Current Progress & Available Features: Memory Saving: reported here See Issue https://github.com/Trenza1ore/sb3-extra-buffers/issues/1

Motivation: Reinforcement Learning is quite memory-hungry due to massive buffer sizes, so let's try to tackle it by not storing raw frame buffers in full np.float32 or np.uint8 directly and find something smaller instead. For any input data that are sparse and containing large contiguous region of repeating values, lossless compression techniques can be applied to reduce memory footprint.

Applicable Input Types:

  • Semantic Segmentation masks (1 color channel)
  • Color Palette game frames from retro video games
  • Grayscale observations
  • RGB (Color) observations
  • For noisy input with a lot of variation (mostly RGB), using gzip1 or igzip0 is recommended, run-length encoding won't work as great and can potentially even increase memory usage.

Implemented Compression Methods:

  • rle Vectorized Run-Length Encoding for compression.
  • rle-jit JIT-compiled version of rle, uses numba library.
  • gzip Gzip compression via gzip.
  • igzip Intel accelerated variant via isal.igzip, uses python-isal library.
  • none No compression other than casting to elem_type and storing as bytes.
  • gzip supports 0-9 compress levels, 0 is no compression, 1 is least compression
  • igzip supports 0-3 compress levels, 0 is least compression
  • Shorthands are supported, i.e. igzip3 = igzip at level 3

Installation

Install via PyPI:

pip install "sb3-extra-buffers[fast,extra]"

Other install options:

pip install "sb3-extra-buffers"          # only installs minimum requirements
pip install "sb3-extra-buffers[extra]"   # installs extra dependencies for SB3
pip install "sb3-extra-buffers[fast]"    # installs python-isal and numba
pip install "sb3-extra-buffers[isal]"    # only installs python-isal
pip install "sb3-extra-buffers[numba]"   # only installs numba
pip install "sb3-extra-buffers[vizdoom]" # installs vizdoom

Example Usage

from stable_baselines3 import PPO
from stable_baselines3.common.utils import get_linear_fn
from stable_baselines3.common.callbacks import EvalCallback
from sb3_extra_buffers.compressed import CompressedRolloutBuffer, find_buffer_dtypes
from sb3_extra_buffers.training_utils.atari import make_env

ATARI_GAME = "MsPacmanNoFrameskip-v4"

if __name__ == "__main__":
    # Get the most suitable dtypes for CompressedRolloutBuffer to use
    obs = make_env(env_id=ATARI_GAME, n_envs=1, framestack=4).observation_space
    compression = "rle-jit"  # or use "igzip1" since it's relatively noisy
    buffer_dtypes = find_buffer_dtypes(obs_shape=obs.shape, elem_dtype=obs.dtype, compression_method=compression)

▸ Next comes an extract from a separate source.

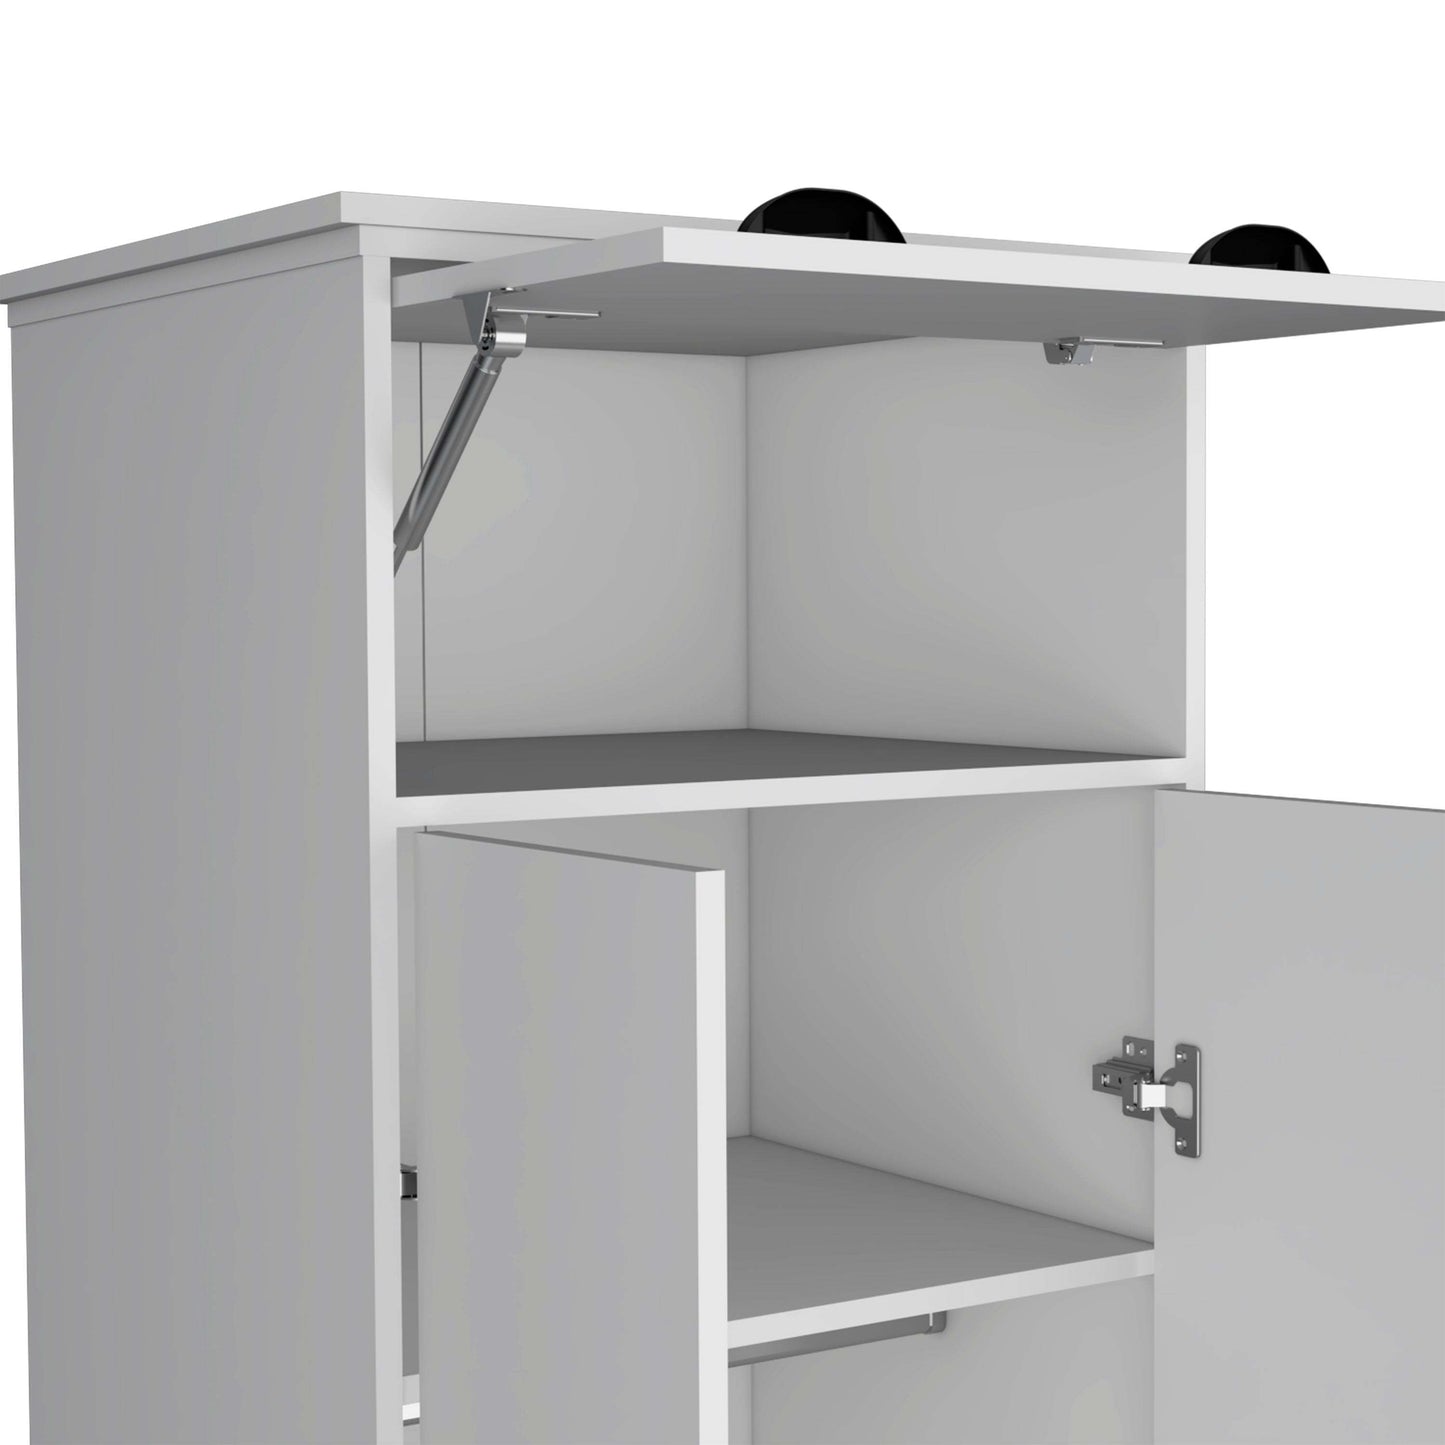 White dresser-closet with upper storage

    # Create vectorized environments after the find_buffer_dtypes call, which initializes jit
    env = make_env(env_id=ATARI_GAME, n_envs=8, framestack=4)
    eval_env = make_env(env_id=ATARI_GAME, n_envs=10, framestack=4)

    # Create PPO model with CompressedRolloutBuffer as rollout buffer class
    model = PPO("CnnPolicy", env, verbose=1, learning_rate=get_linear_fn(2.5e-4, 0, 1), n_steps=128,
                batch_size=256, clip_range=get_linear_fn(0.1, 0, 1), n_epochs=4, ent_coef=0.01, vf_coef=0.5,
                seed=1970626835, device="mps", rollout_buffer_class=CompressedRolloutBuffer,
                rollout_buffer_kwargs=dict(dtypes=buffer_dtypes, compression_method=compression))

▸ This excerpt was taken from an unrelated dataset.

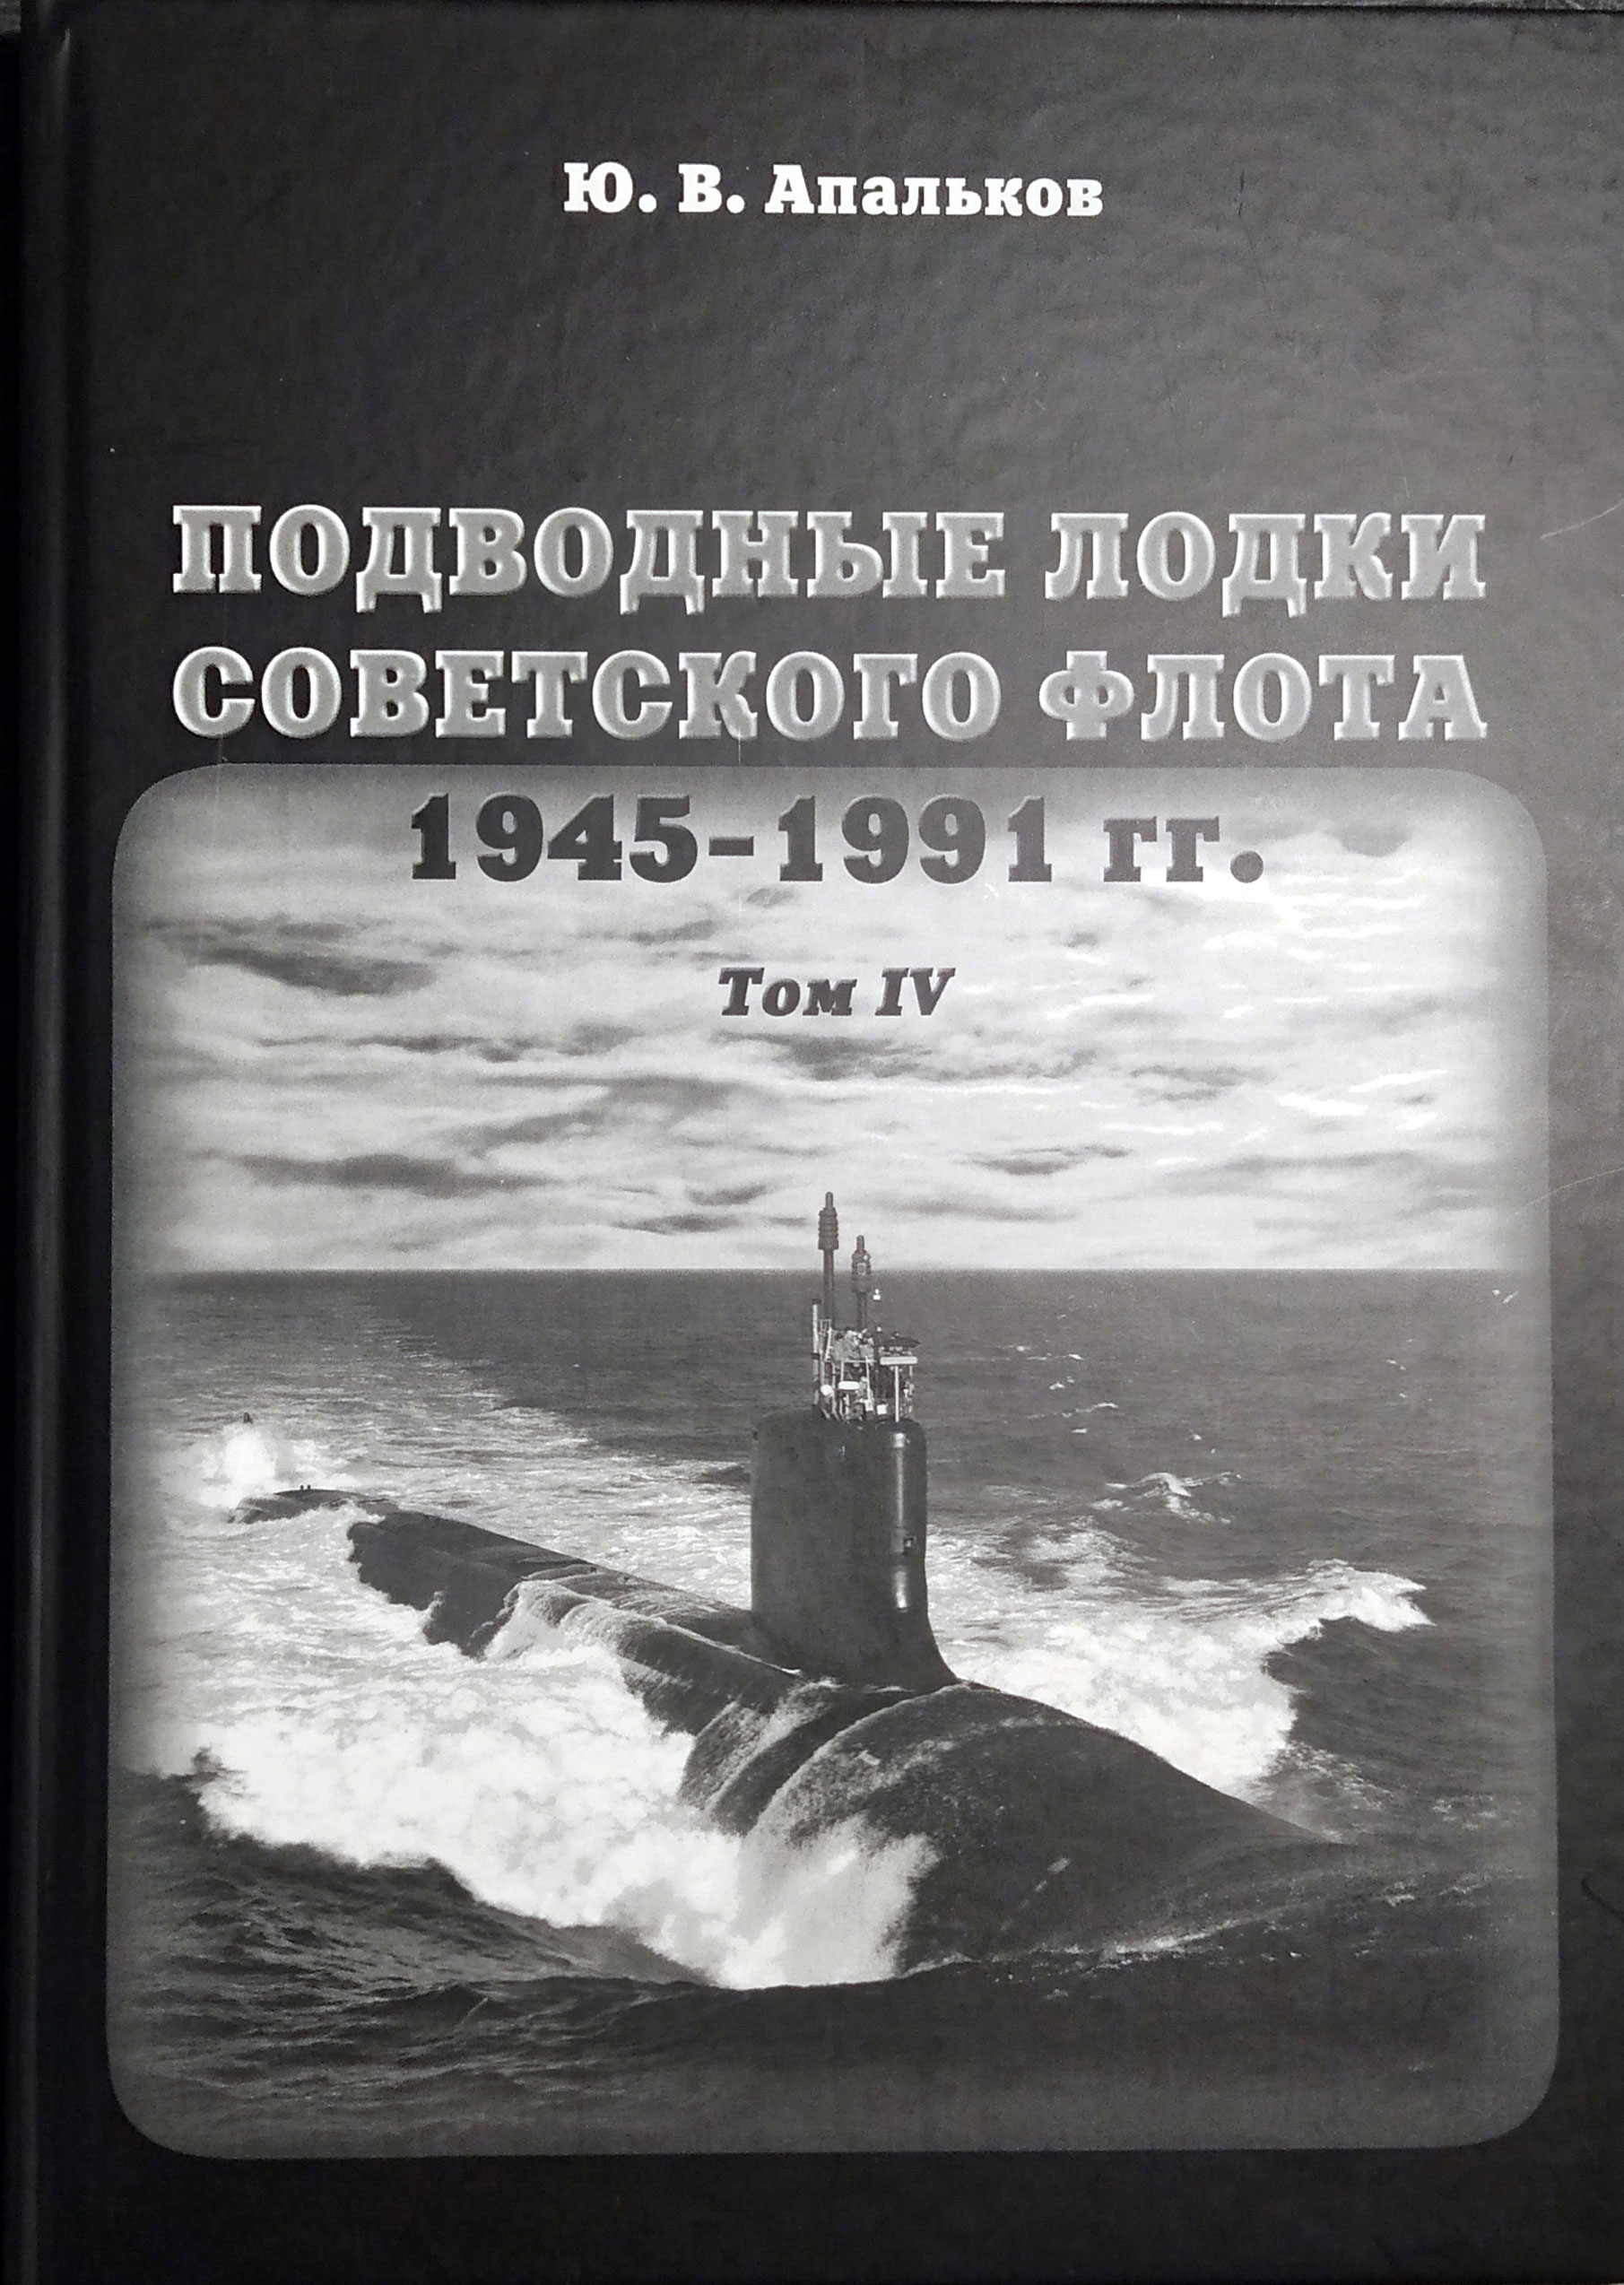     1945-1991 .  4

    # Evaluation callback (optional)
    eval_callback = EvalCallback(eval_env, n_eval_episodes=20, eval_freq=8192, log_path=f"./logs/{ATARI_GAME}/ppo/eval",
                                 best_model_save_path=f"./logs/{ATARI_GAME}/ppo/best_model")

    # Training
    model.learn(total_timesteps=10_000_000, callback=eval_callback, progress_bar=True)

    # Save the final model
    model.save("ppo_MsPacman_4.zip")

    # Cleanup
    env.close()
    eval_env.close()

Current Project Structure

sb3_extra_buffers
    |- compressed
    |    |- CompressedRolloutBuffer: RolloutBuffer with compression
    |    |- CompressedReplayBuffer: ReplayBuffer with compression
    |    |- CompressedArray: Compressed numpy.ndarray subclass
    |    |- find_buffer_dtypes: Find suitable buffer dtypes and initialize jit
    |
    |- recording
    |    |- RecordBuffer: A buffer for recording game states
    |    |- FramelessRecordBuffer: RecordBuffer but not recording game frames
    |    |- DummyRecordBuffer: Dummy RecordBuffer, records nothing
    |
    |- training_utils
         |- eval_model: Evaluate models in vectorized environment
         |- warmup: Perform buffer warmup for off-policy algorithms

Example Scripts

Example scripts have been included and tested to ensure working properly.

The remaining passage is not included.